A graduate of South Mecklenburg High School, Mike Walker took a circuitous route to custom display design. “I was going to be either an architect or a preacher.” But after briefly attending UNC Charlotte’s Architecture and Engineering School, he left to join the Navy. Four years later he returned to Charlotte and received an associate degree from Central Piedmont Community College in graphics arts.
A born conceptualizer with a gift for design, he applied to Appalachian State University’s program in Industrial Technology. “Industrial technology involves design, plastics, metals, wood, electronics – a little bit of everything.” He grins. “Every day of my career I use something I learned in college.” With a business minor, Walker obtained his bachelor’s degree in 1977.
Walker moved to Atlanta, where he headed up the research and development department for a large point-of-purchase manufacturer. Disenchanted with Atlanta, the Carolina native returned to Charlotte, working as a senior designer at another firm. After a few years, he struck out on his own.
Display design is both a creative and exacting craft. The G. Michael’s design team is well versed in graphic design, architecture, technology, museum design, three-dimensional design and interior design. Although computer skills are crucial, the ability to conceptualize an idea is what drives the process forward.

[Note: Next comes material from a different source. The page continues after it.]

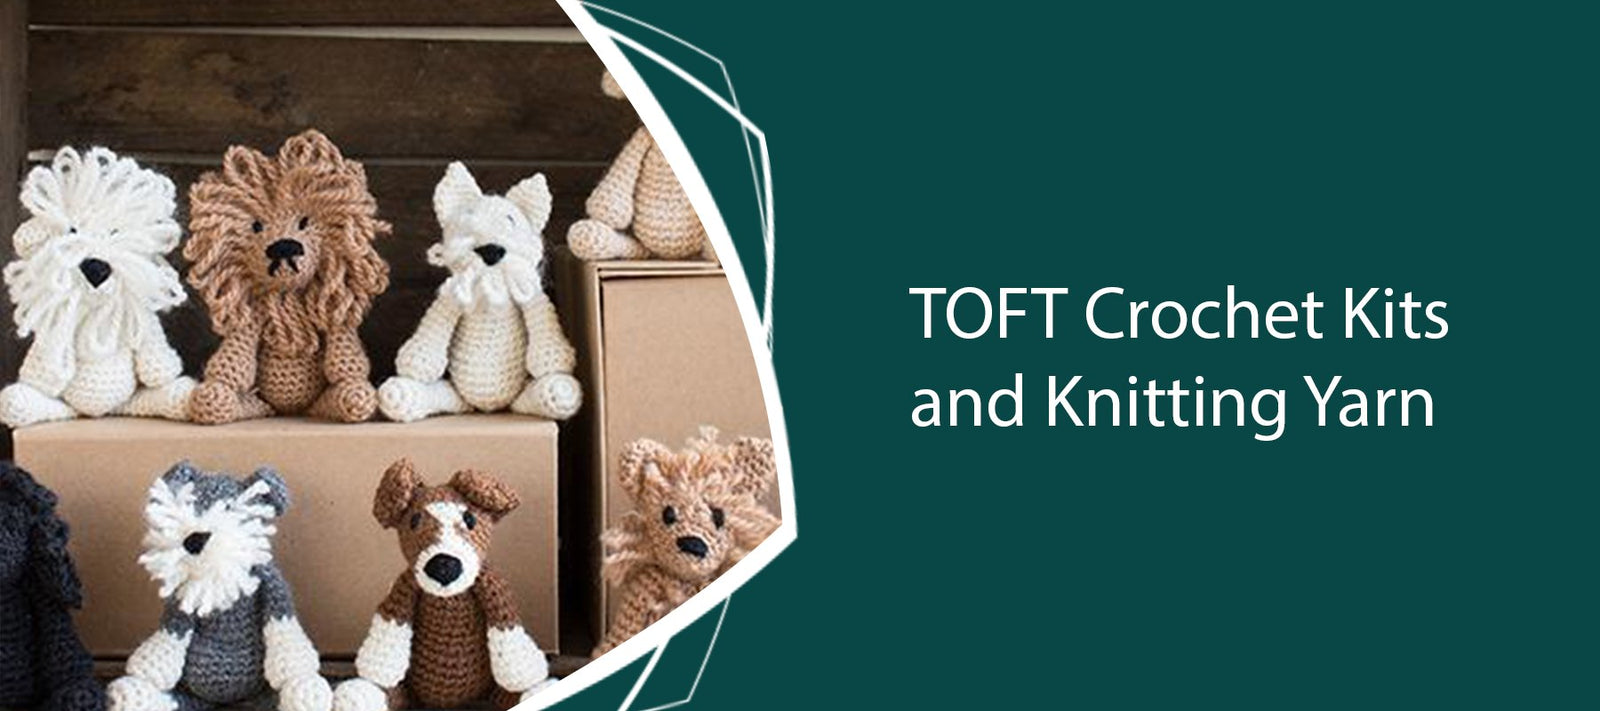 TOFT Crochet Kits Level 1

After a year in its current location, Walker is already expanding. “We’re probably looking at another 11,000-12,000 square foot addition in the very near future,” he estimates.
G. Michael’s is a family affair. Walker’s wife, Bunnie, is executive vice president in charge of new sales. He praises her business acumen. “She’s been the biggest asset to the firm. I couldn’t have done this without her.” Their son, Todd, a graduate of the Savannah College of Art & Design, is a designer.
Walker’s younger brother, Terry, is vice president of operations. Mike Walker still spearheads the creative aspects of the firm and is assisted by David Carpenter, who is vice president of design.
At 50, Walker hasn’t really slowed down enough to truly savor the fruits of his labor. But he’s working on it. “I want to continue to grow the company, but focus on the next generation. I want to empower my employees to run this business without me. Someday I expect to retire and just go diving with my wife.”